Houses mostly alike, residents mostly likable


Academy Heights still attracts all ages

December 21, 2003|By Karen Baxter | Karen Baxter,SPECIAL TO THE SUN

The Academy Heights area of Catonsville once was considered a country setting - a spot away from the hustle of the city.

That 1950s setting has long since disappeared, replaced by the trademarks of suburbia - shopping centers, busy roadways and houses as far as the eye can see.

But Academy Heights remains a popular choice for those seeking a first home.

It served that role for World War II veteran Maurice Peter and his wife, Peggy, in November 1950. The Peters, who were expecting their second child at the time, moved from an Essex apartment and into their first home in Academy Heights. That setting, its affordable new housing and the proximity to downtown were all draws for Maurice Peter and dozens of other optimistic young veterans.

Academy Heights lies between the Baltimore City line to the east and the Baltimore Beltway to the west. It has 487 neo-Colonial-style brick rowhouses built between 1950 and 1952, all with slate roofs and white fascia boards.

All also have basically the same rectangular floor plan, consisting of three bedrooms and a bathroom on the upper level, and a living room, dining room and small eat-in kitchen on the first floor.

Sizes range from 1,200 to 1,512 square feet. And in most cases, the homes include a finished basement with a half-bath and an unfinished attic. The end-of-group units, which agents said are brisk sellers when they reach the market, have fireplaces and larger yards.

Protective covenants require that all houses retain their slate roofs, brick walls, concrete porches and walks and the wooden front door, among other restrictions.

These rules may help Academy Heights gain federal historic preservation status, hopes Kathie Bankert, president of the Academy Heights Civic Association. The application process is under way and, if successful, would be a "big boost" to the community, Bankert said. That designation could provide tax credits for homeowners making renovations.

Property values have increased in the past few years. Sale prices have gone from the low $100,000s during the late 1990s to an average of about $160,000 this year, says Jean Chavis, a Realtor with the Catonsville/Elkridge office of Long & Foster Real Estate Inc. Chavis has sold real estate in the area for 17 years and says Academy Heights has been a sought-after neighborhood.

"As soon as a house comes on the market, everyone is clamoring to get their [buyers] in there to see what it looks like," she says.

Currently, there are no homes on the market. Two of the five homes under contract - one end unit and one interior - sold for $179,900.

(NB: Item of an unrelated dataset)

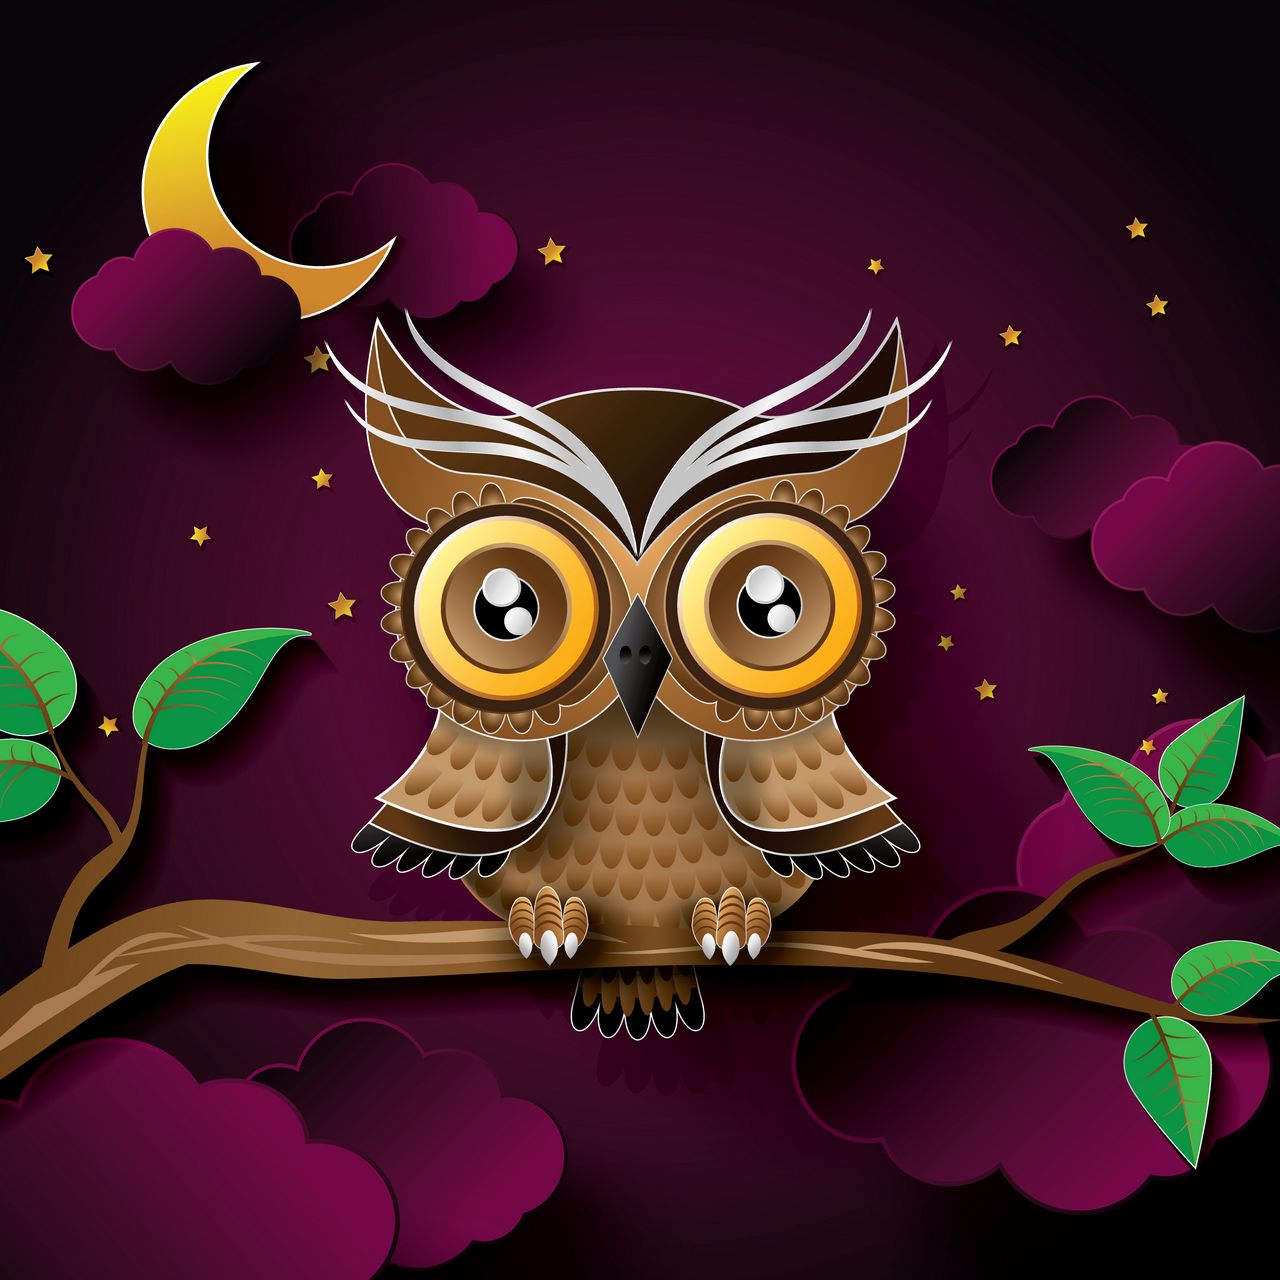 Download wallpaper 1280x1280 owl, bird, art, branch ipad, ipad 2, ipad mini  for parallax hd background

Jamie and Lisa Dickey moved to Academy Heights in 1998 and they now have an 8-month-old daughter, Gracie. It's a neighborhood the couple knows well - Lisa Dickey is a Catonsville native. The Dickeys are putting the finishing touches on their home, which they have completely renovated during the past five years.

"Since we've been here, six more couples we know have moved in," Jamie Dickey said. "It's a nice place to live. And we're close to the city, but far enough away."

A number of original residents - or their adult children - remain in the community, giving it a sense of consistency.

"I don't think it's really changed that much, other than the trees have grown," said Bankert, a second-generation resident.

Community events always have been a part of life in Academy Heights. Maurice Peter recalls that in the early years "the police would close off the street and we would have block parties. Everyone would bring out the one thing that they cooked best."

A bowling league also united residents then.

Now, community activities include an Easter egg hunt, a Fourth of July celebration, a Halloween party, two neighborhood yard sales and a Christmas decoration contest - which is judged by art students from nearby Mount de Sales Academy.

The all-girls' Catholic high school originally owned the land that makes up the neighborhood and is the area's namesake. The school still is an integral part of the community, with many residents participating in its homecoming festivities, bull and oyster roast, Christmas bazaar and spaghetti dinner, Bankert says. The civic association also holds its monthly meetings at the school.

Christian Temple Christian Church also is within the neighborhood's boundaries.

"It's quiet. It's family. Everyone speaks to each other," Bankert says of the area. "It's a good, solid, stable neighborhood."

Academy Heights

ZIP code: 21228

Drive time to downtown Baltimore: 20 minutes

Schools: Westowne Elementary; Catonsville Middle; Catonsville High; Mount de Sales Academy; Community College of Baltimore, Catonsville; University of Maryland, Baltimore County

Shopping: U.S. 40 corridor; Westview; Security Square

Houses on the market: 0

Average list price: $157,743 *

Average sale price: $157,710 *

Average days on market: 11 *

Percentage of sale price in comparison with list price: 99.5 percent *

* Based on 25 sales during the past 12 months as compiled by Metropolitan Regional Information Systems Inc.